Changing the tire would be easy, if we had the needed tools. Unfortunately, in the packing frenzy, all of Greg’s “must be easily accessible” items were packed deeply in the truck. We had a jack and a spare, but no tire iron or impact wrench to remove the lug-nuts.

It was time to call a tow truck for help. Surprise! There was a mechanic literally at the next turn off the highway, only 1/2 km away. He came to us, and within a few minutes the tire was changed and we were on the way again.

We were on the road again! We made a stop at Canadian Tire, and were pleased to discover that they sold pre-mounted tires and rims in the right size. They only had one, and we bought it. But Greg forgot to get a tire iron.

As luck would have it, a second tire on the utility trailer blew out shortly before Dafoe around 8km past Foam Lake, Saskatchewan. The rest of the group carried on to the hotel, and Greg stayed with the Subaru to wait for another mechanic. This mechanic took longer to arrive, and charged much more, but got the job done quickly.

The next day, one of our first stops was at the next Canadian Tire, to get another spare and a tire iron.

The rest of the evening was uneventful.
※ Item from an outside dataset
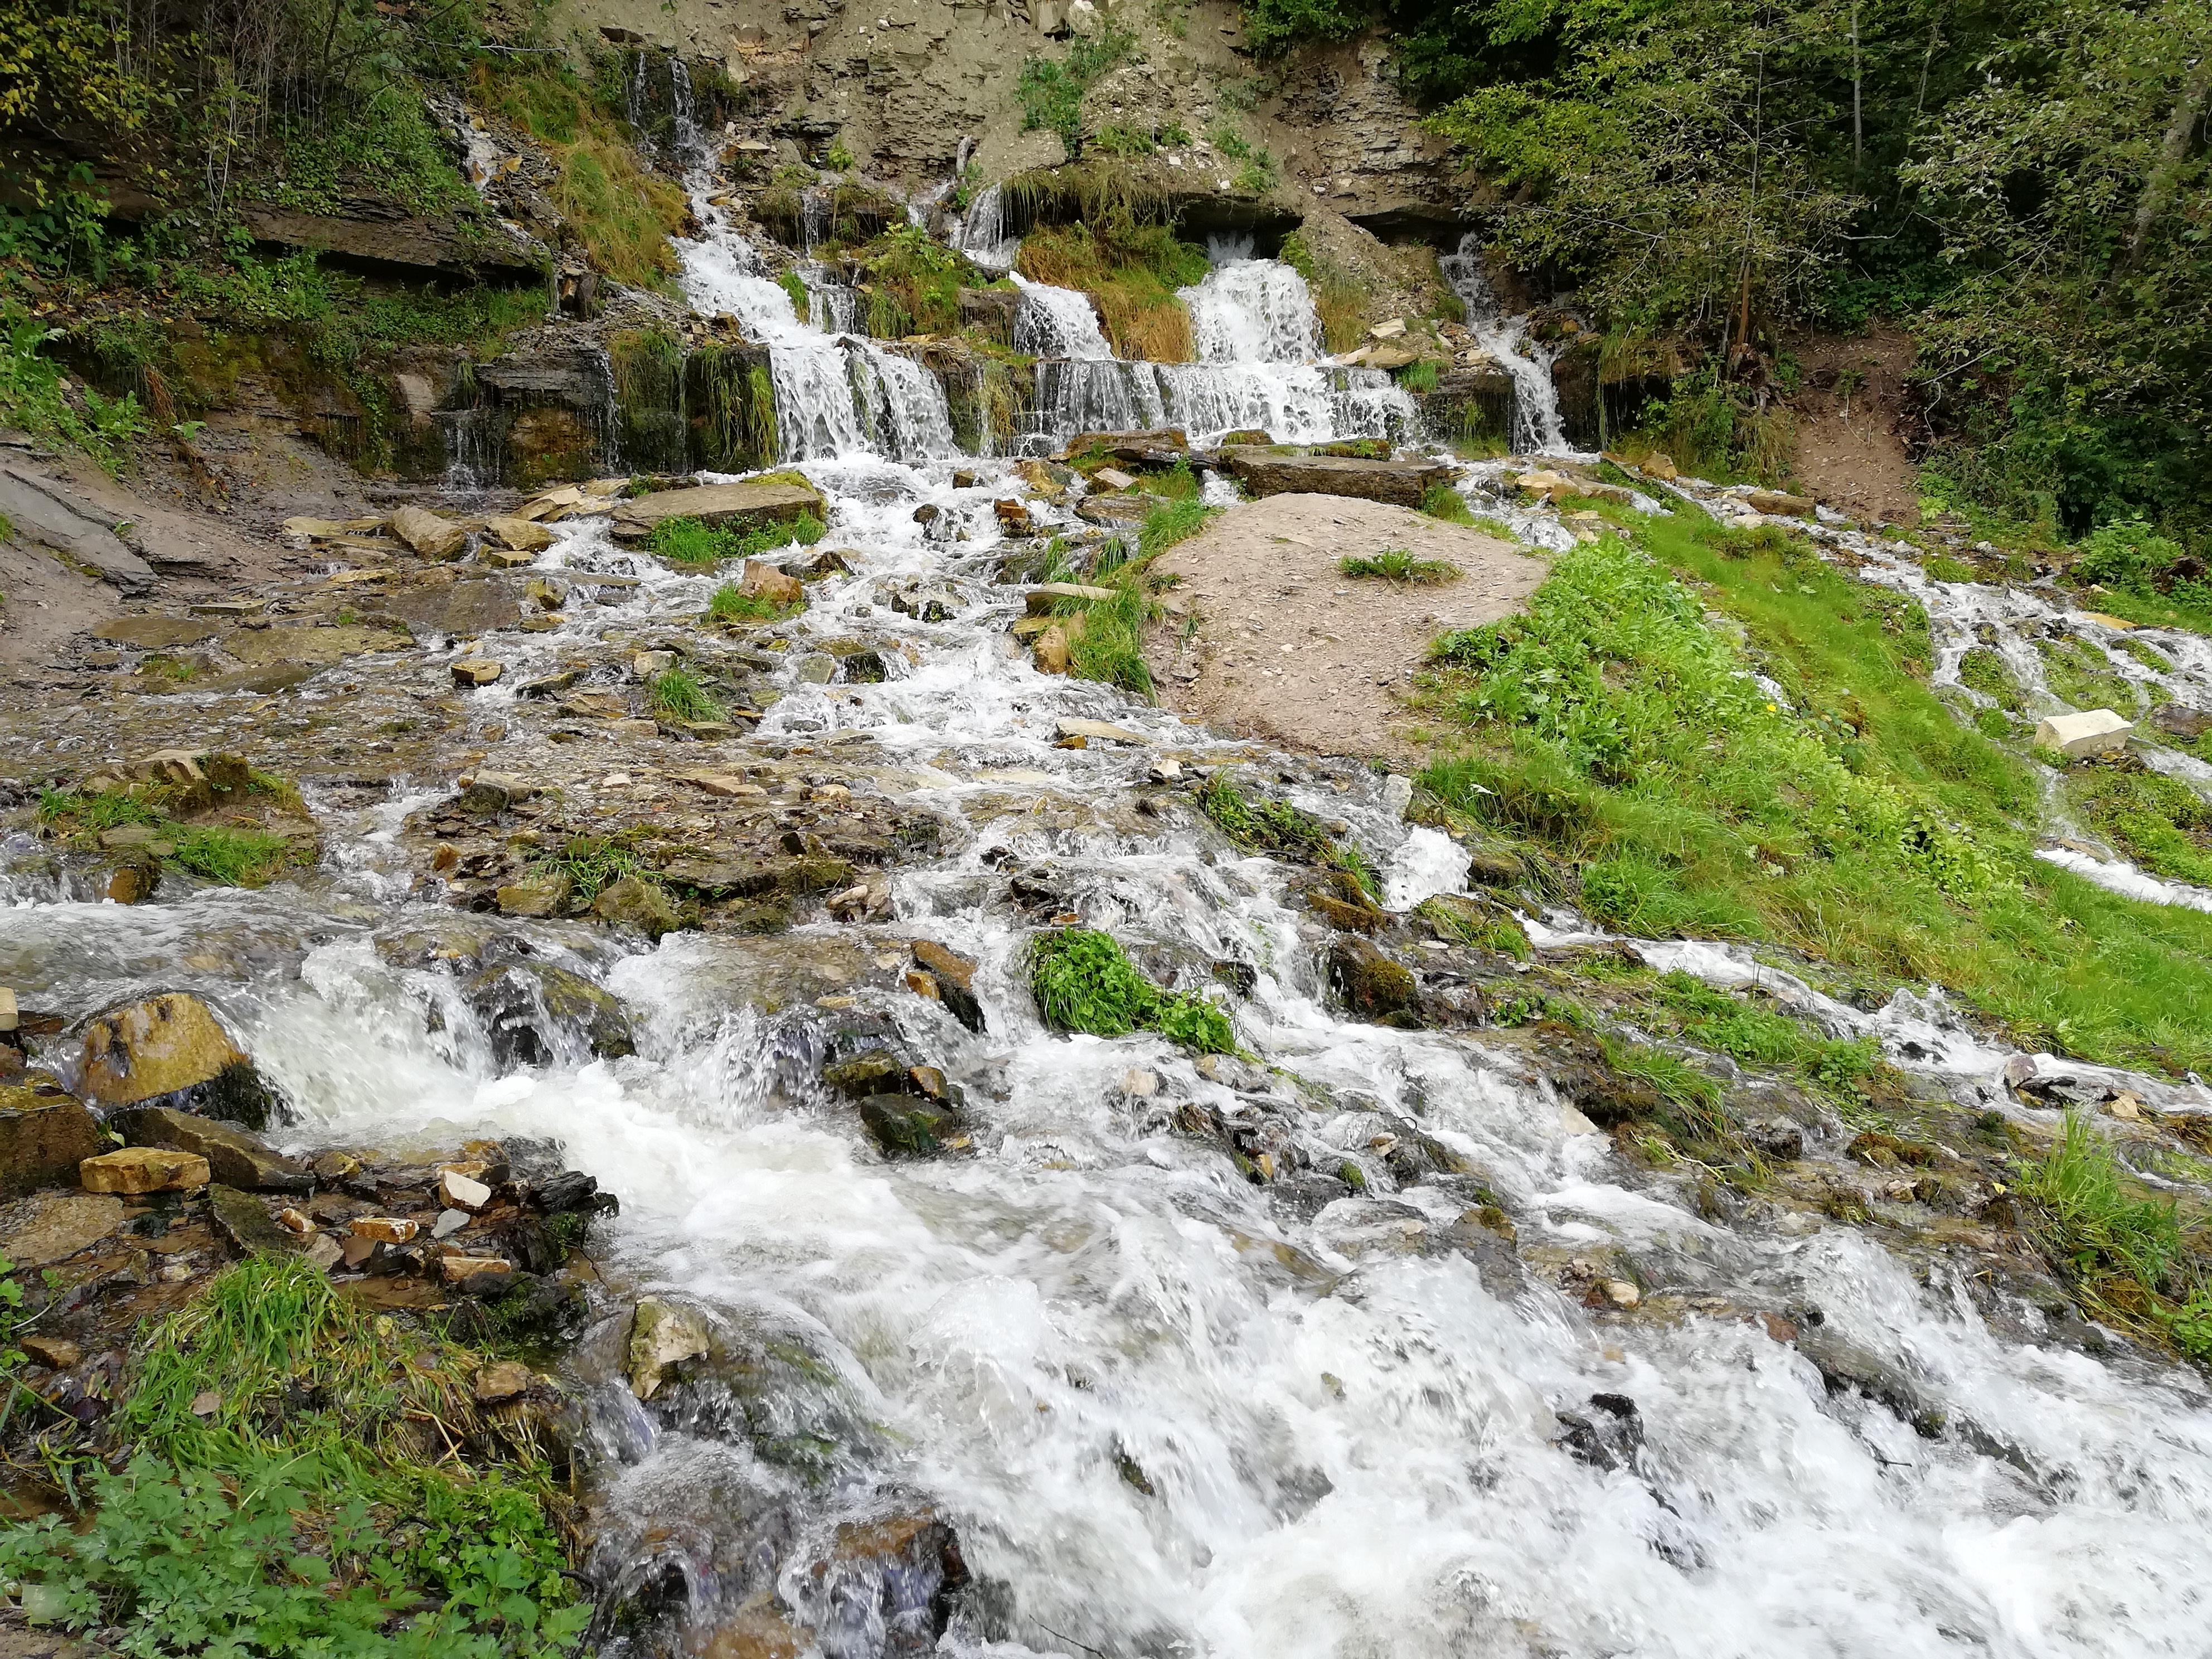 Slavonic Springs

We got some take-out food from the motel restaurant and had another not-quite-sufficient sleep.

On a long trip like this, it’s desirable to sleep on the road, while someone else drives. Sarah and Ilana did pretty well at this, and Sarah was quick to pick up how to drive the Subaru’s manual transmission. Nicole and Brittany didn’t really sleep, though. They were fantastic at leading the pack, including navigating, watching for problems on the road (including fox, alpaca, bison, caribou, and some fat and happy dogs), and keeping an eye out for good places to stop. They didn’t get to rest much.

Greg got to drive all the time, since Rosie was a passenger, not a driver. This got exhausting after several days, and the frequent breaks for gas helped to allow a little down-time from all the driving. On day 5, we would do it all again, but we were getting closer to our destination.